The case for using Elixir try/rescue
Introduction
According to the Elixir doc, it is rare to need to use try/rescue. That’s partly because the elixir/erlang philosophy of letting it crash.
Recently I ran into a case where using try/rescue makes a lot of sense.
The scenario goes like this: We use Elixir/Phoenix to render the front end from the server side. For a page, we have view helpers, something like:
def render_some_view(params) do
# Convert params into a %ApiParams{} struct
transformed_params = transformed_params(params)
# Fetch data from api
api_data = call_api!(transformed_params)
render('partial.html', api_data)
end
The crash
What happened was that, the other team updated the struct of ApiParams
. It subtly broke the call_api!/1
call because it didn’t have a fallback function to
# :field1 and :field2 would not show up together any more
def call_api!(%{ApiParams{field1: v1, field2: v2}) do
# ...
end
As a result, the function returns a FunctionClauseError
and crashes the view helper.
If this was a back-end process, it would fail and restart the server process. If error reporting is setup properly, dev teams would get notified.
What makes things worse is that, this view helper is used in a landing page to render a section. When this failed, it crashed the entire page, even if all other sections are fine.
Now the business is asking: Can we put something in place to prevent the landing page from crashing?
One section failed? That’s fine. Just hide it.

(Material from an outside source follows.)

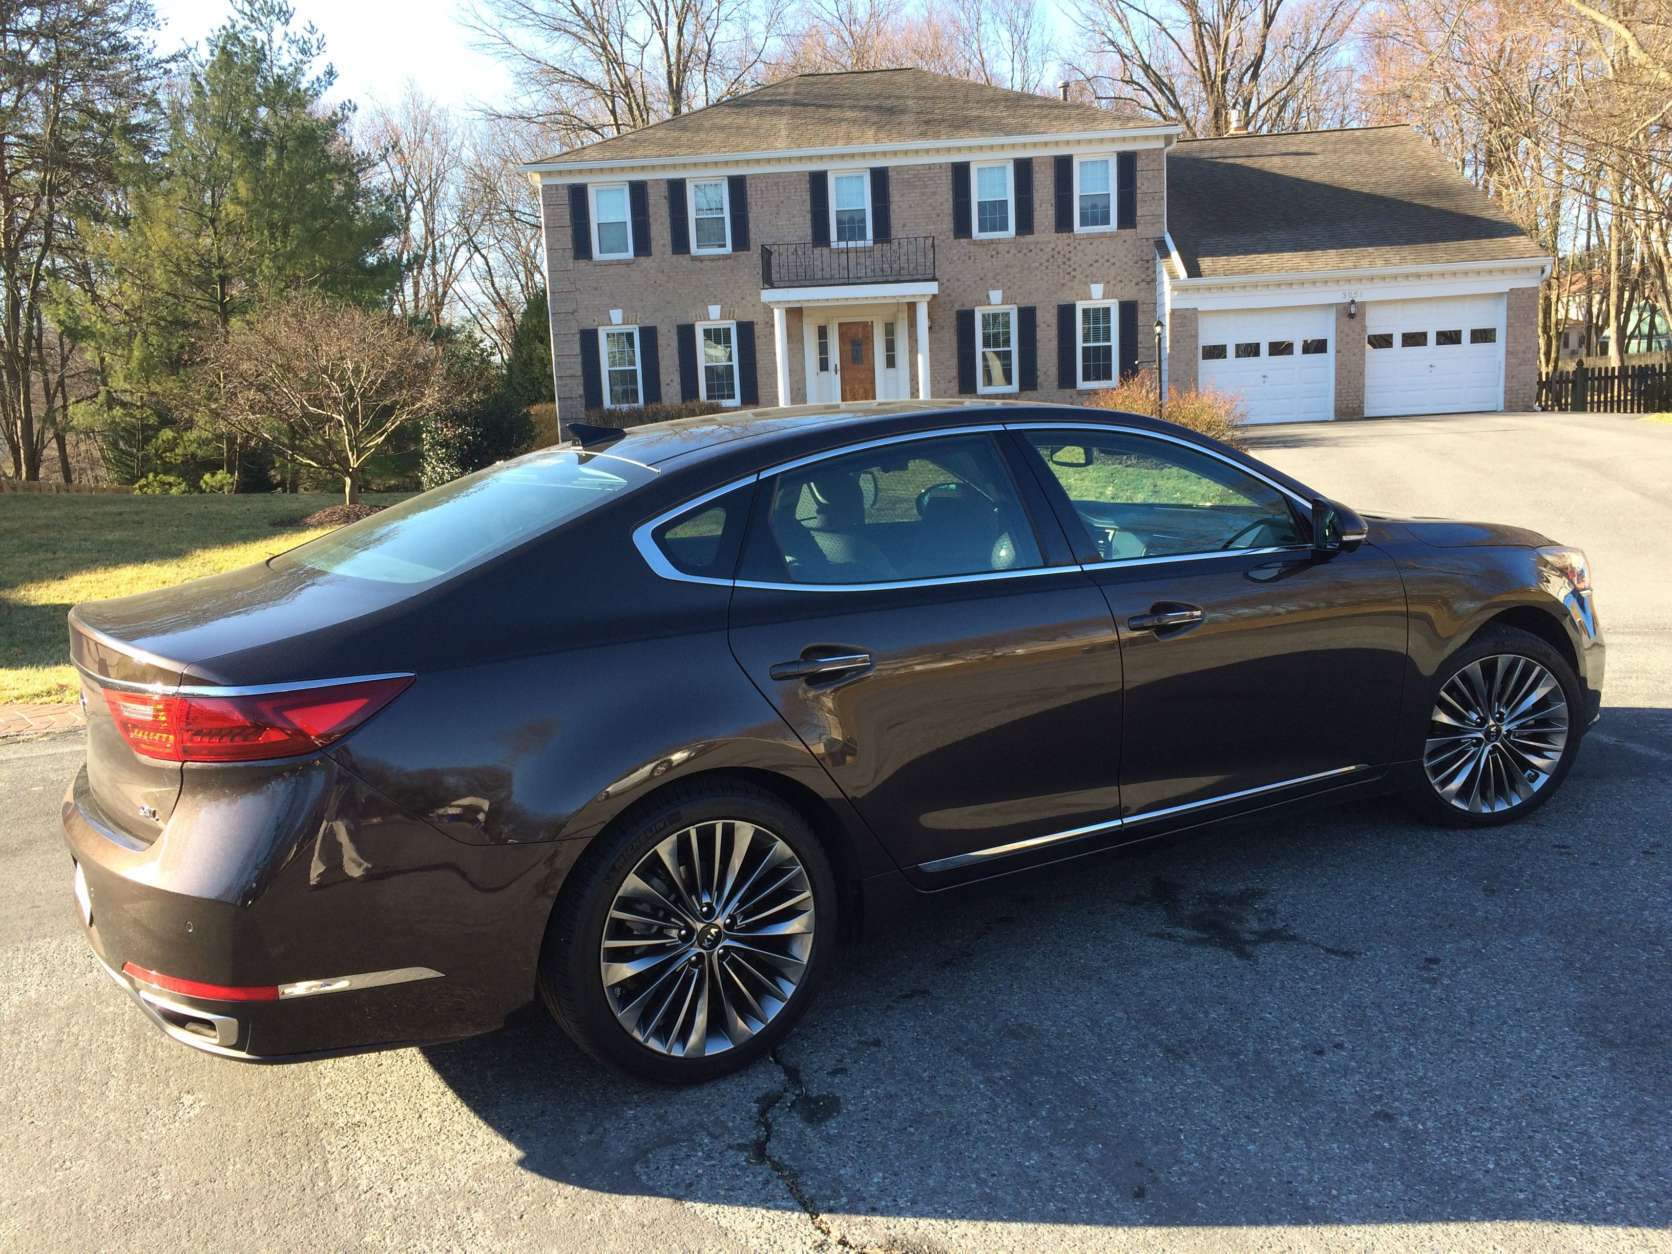 Large 19-inch dark satin wheels play nicely with the granite brown paint. (WTOP/Mike Parris)

This is where the try/rescue
setup comes in:
# Rename to bang function
def render_some_view!(params) do
# ...
end
def safe_render_some_view(params) do
try do
render_some_view!(params)
rescue
e in RuntimeError ->
# Notify error reporting service, e.g., Bugsnag
notify_reporting_service(e)
render_fallback_view()
end
end
This way, we 1) get notified about the failure, 2) tolerate bad views changes without crash the high-stakes pages.
It’s an anti-pattern?
In some sense, yes.
The try/rescue can seem a bit over-defensive, which is a smell, or indicator of dysfunctional teams.
You can argue that, if we had better test coverage, this kind of errors should not happen.
I argue that, when team is large, and the code is evolving fast, putting things in place is necessary, especially for high stake pages. It buys us time and reduces the urgency when things break.
Alternatives
You can use return tuples, e.g., {:ok|:error, _}
to inform the callsites about the return status. In our case, we have the bang API call (which isn’t always controlled by our team). Also, changing to return tuples required touching all render functions which requires some work.
Although it seems heavy-handed, it is a good defence to frequent code changes to the view by multiple teams.